Cuando la embarcación alcanzó la orilla opuesta del río, Carter esperó a ser el último en salir.
—¡Bienvenido, mudir!
Omar, el hermano pequeño de Ahmed, se aferraba a uno de los postes de la techumbre del barco para ayudar a estabilizarlo y vararlo.
—Hola, Omar. ¿Cómo estás?
—Le echábamos de menos, mudir.
—Y yo a vosotros más de lo que imagináis.

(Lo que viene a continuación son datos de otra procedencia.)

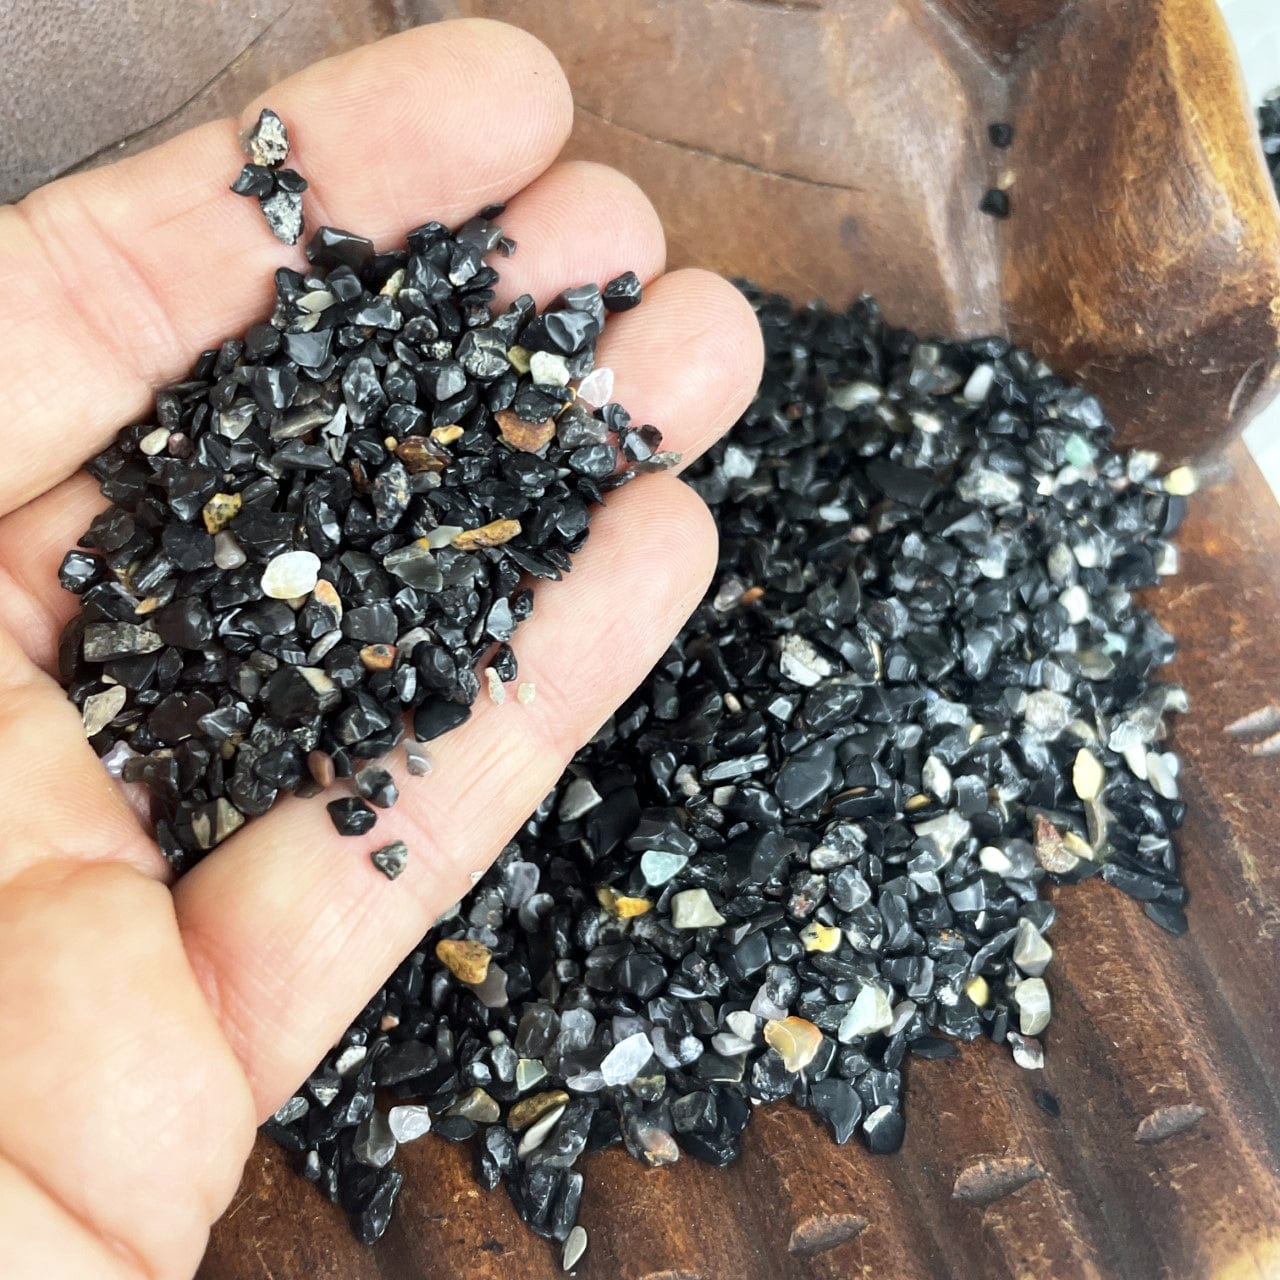 Black Onyx 1lb bag - Tiny Chips in a hand for size

Esas palabras llenaron de orgullo a los egipcios. Carter saludó al resto de los miembros del servicio que habían acudido al embarcadero para ayudar en la recogida del equipaje. Al verlos a todos de nuevo remando en la misma dirección, el inglés sintió que, efectivamente, todo había vuelto a la normalidad.
Otro coche le esperaba a pocos metros para llevarlo a Castle Carter. Nada había cambiado, parecía que el tiempo se había detenido, todo estaba exactamente igual que el año anterior: las casas, la gente en la puerta de las viviendas, los puestos de fruta junto al camino, los campesinos… En aquella parte del valle el sol incidía con fuerza sobre la Montaña Tebana. La intensa luz, el color de los campos de cultivo y el aroma de las especias que emanaba de las casas de barro que flanqueaban el camino eran tal como los recordaba.
Cuando distinguió su casa en el horizonte, en la que había vivido más de diez años, sintió una emoción especial. En la explanada de tierra, los miembros del servicio le esperaban, elegantemente ataviados para la ocasión, junto a la puerta. Carter los fue saludando uno a uno con efusividad y gratitud.
—Bienvenido, mudir. La casa está lista —señaló Ahmed Gerigar.